- [Record extracts]:
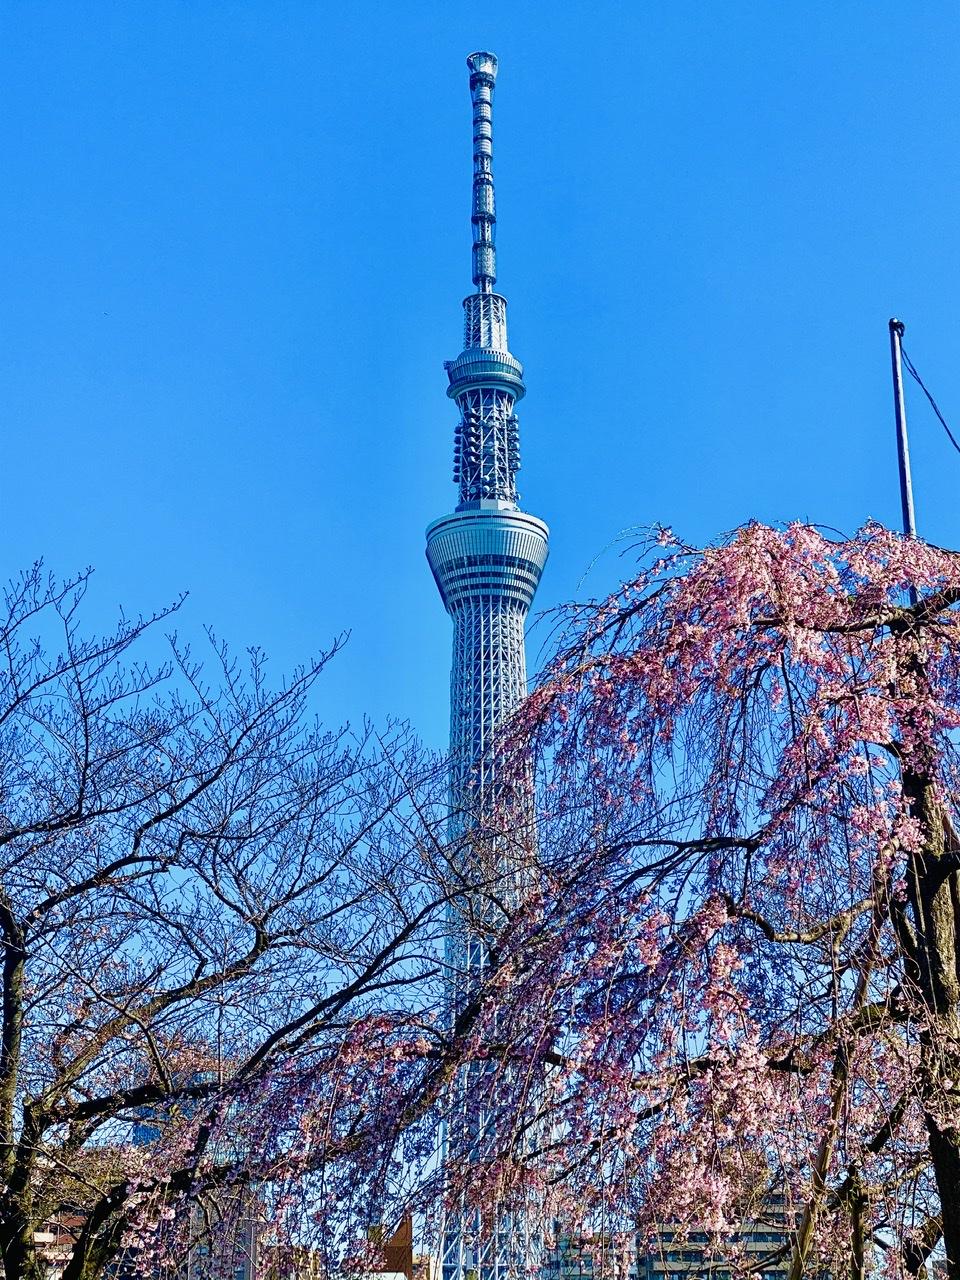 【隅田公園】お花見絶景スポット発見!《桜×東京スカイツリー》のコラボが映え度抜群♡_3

...

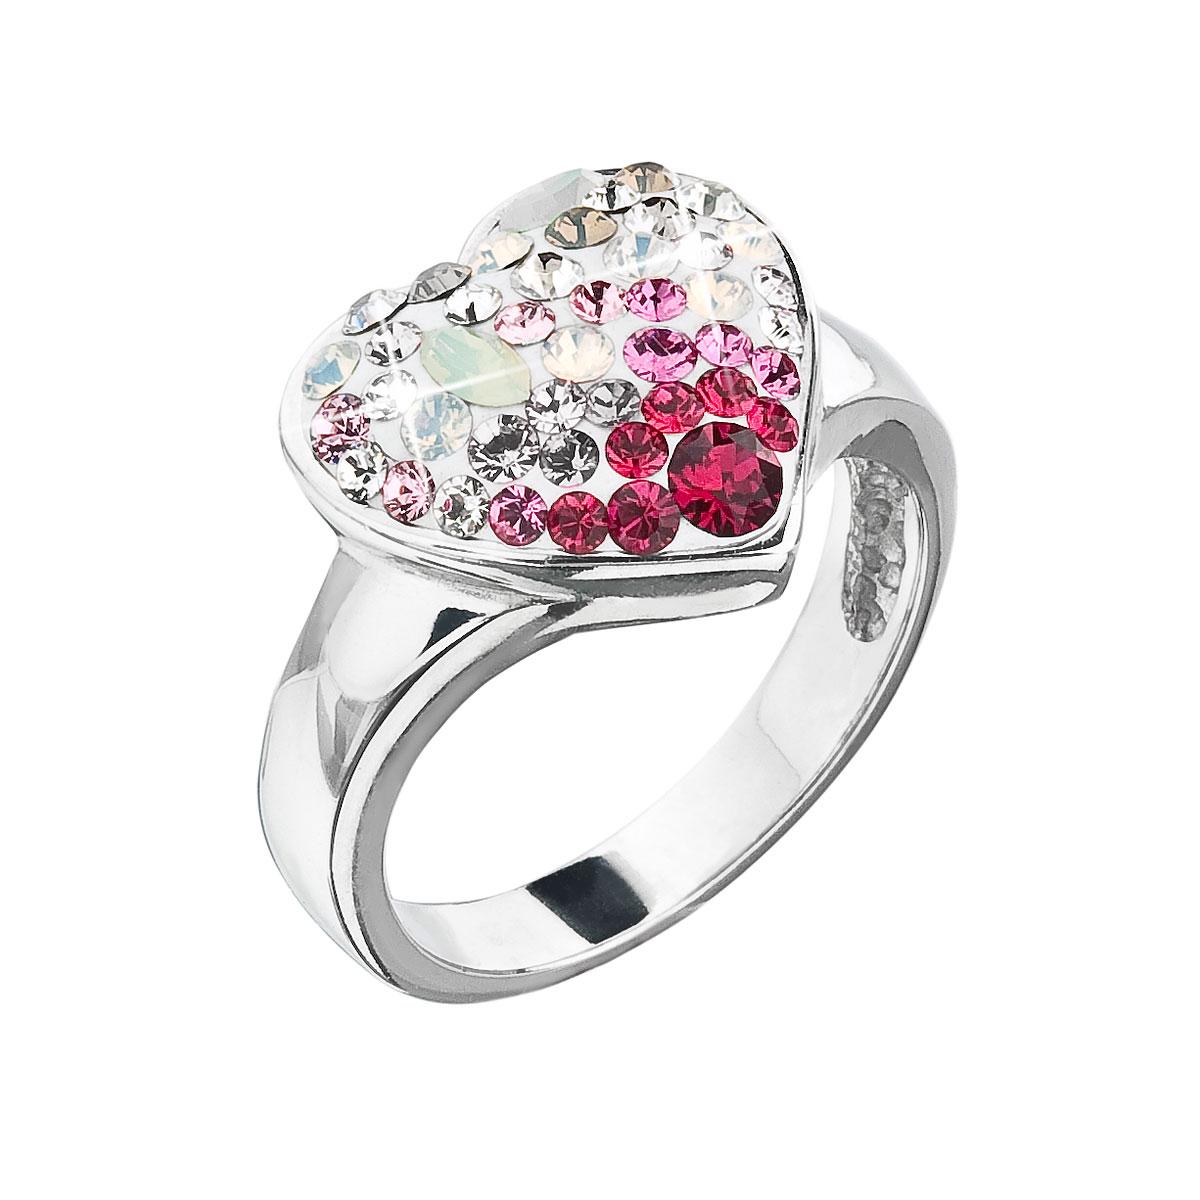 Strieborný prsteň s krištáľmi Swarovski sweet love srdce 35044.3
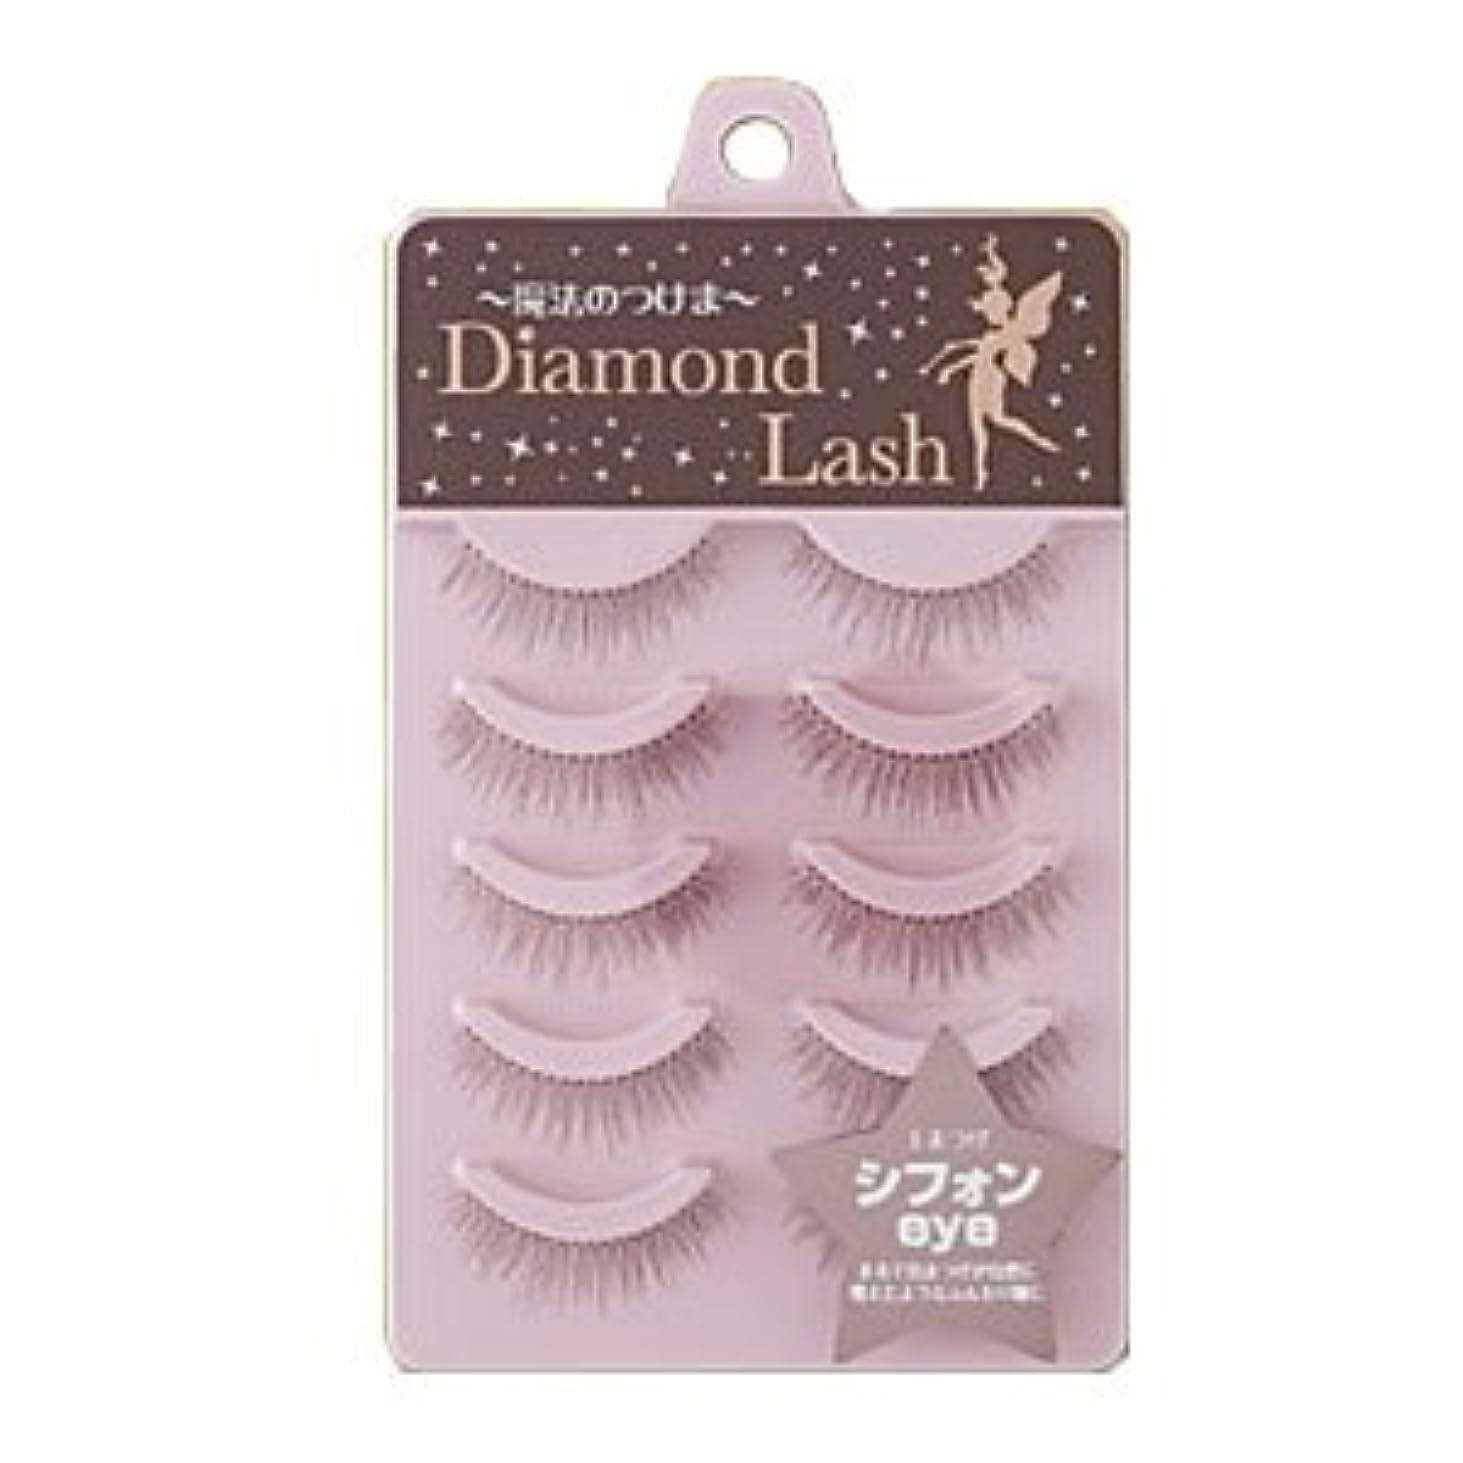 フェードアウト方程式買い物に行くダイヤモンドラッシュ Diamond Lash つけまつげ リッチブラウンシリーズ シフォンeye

==

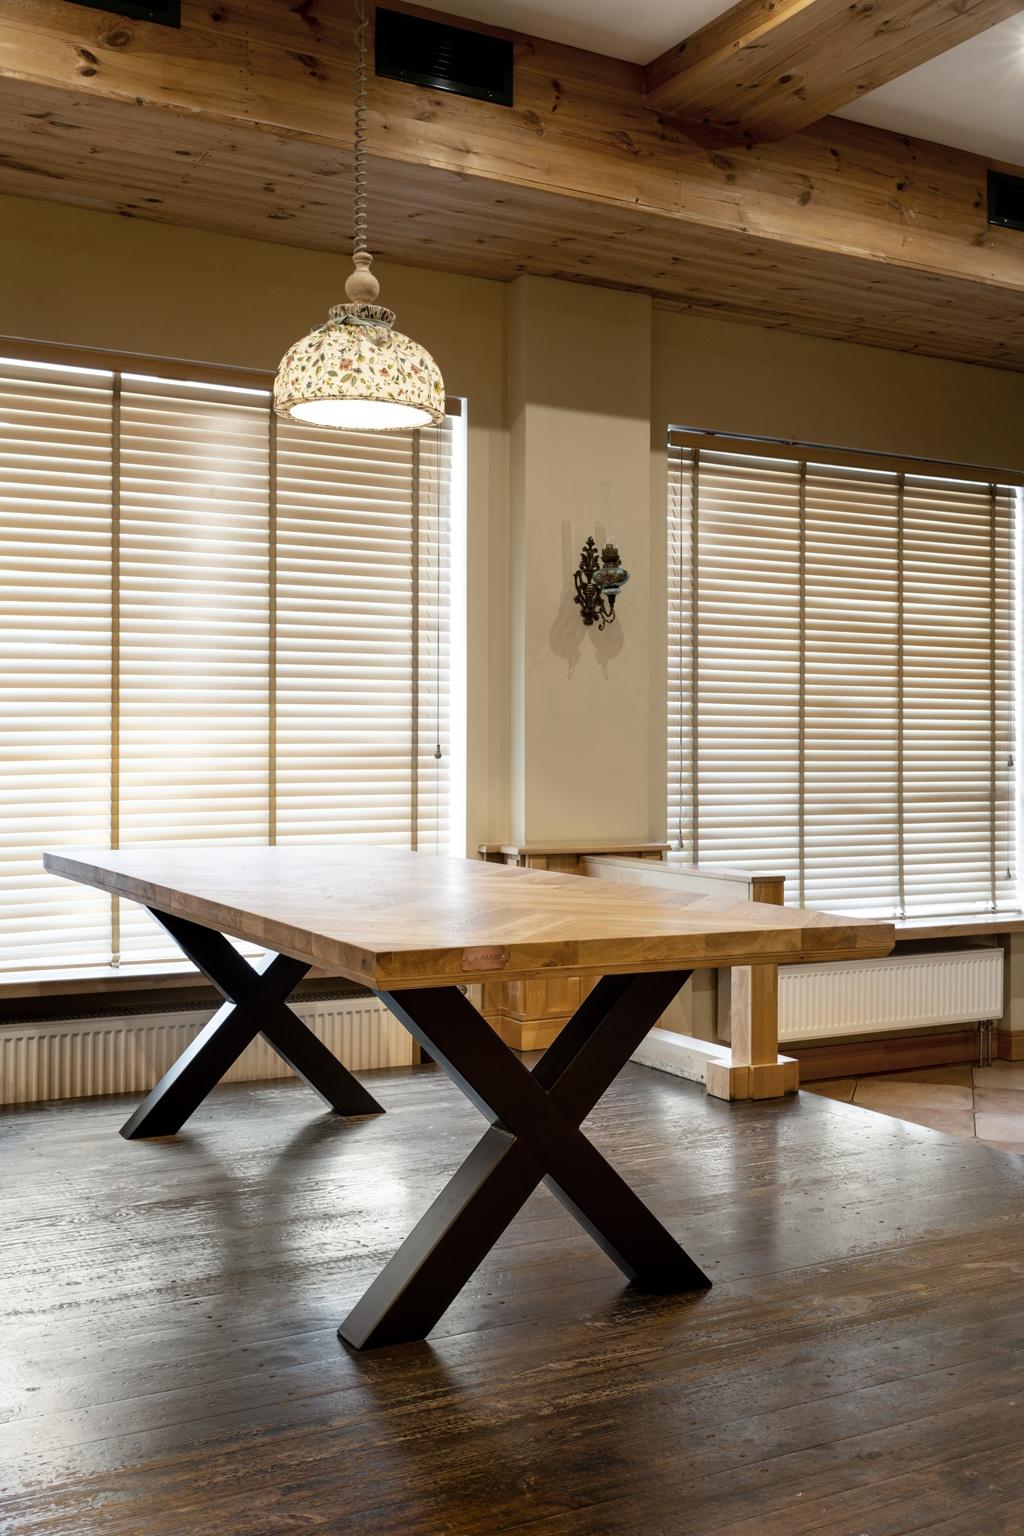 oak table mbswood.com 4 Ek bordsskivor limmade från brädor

- [What the task requires]: Line for line, output the entries above from the line with "Strieborný prsteň s" to the line with "フェードアウト方程式買い物に行くダイヤモンドラッシュ Diamond Lash", both included, and nothing more. Skip pictures.

- [Written answer]:
 Strieborný prsteň s krištáľmi Swarovski sweet love srdce 35044.3
 フェードアウト方程式買い物に行くダイヤモンドラッシュ Diamond Lash つけまつげ リッチブラウンシリーズ シフォンeye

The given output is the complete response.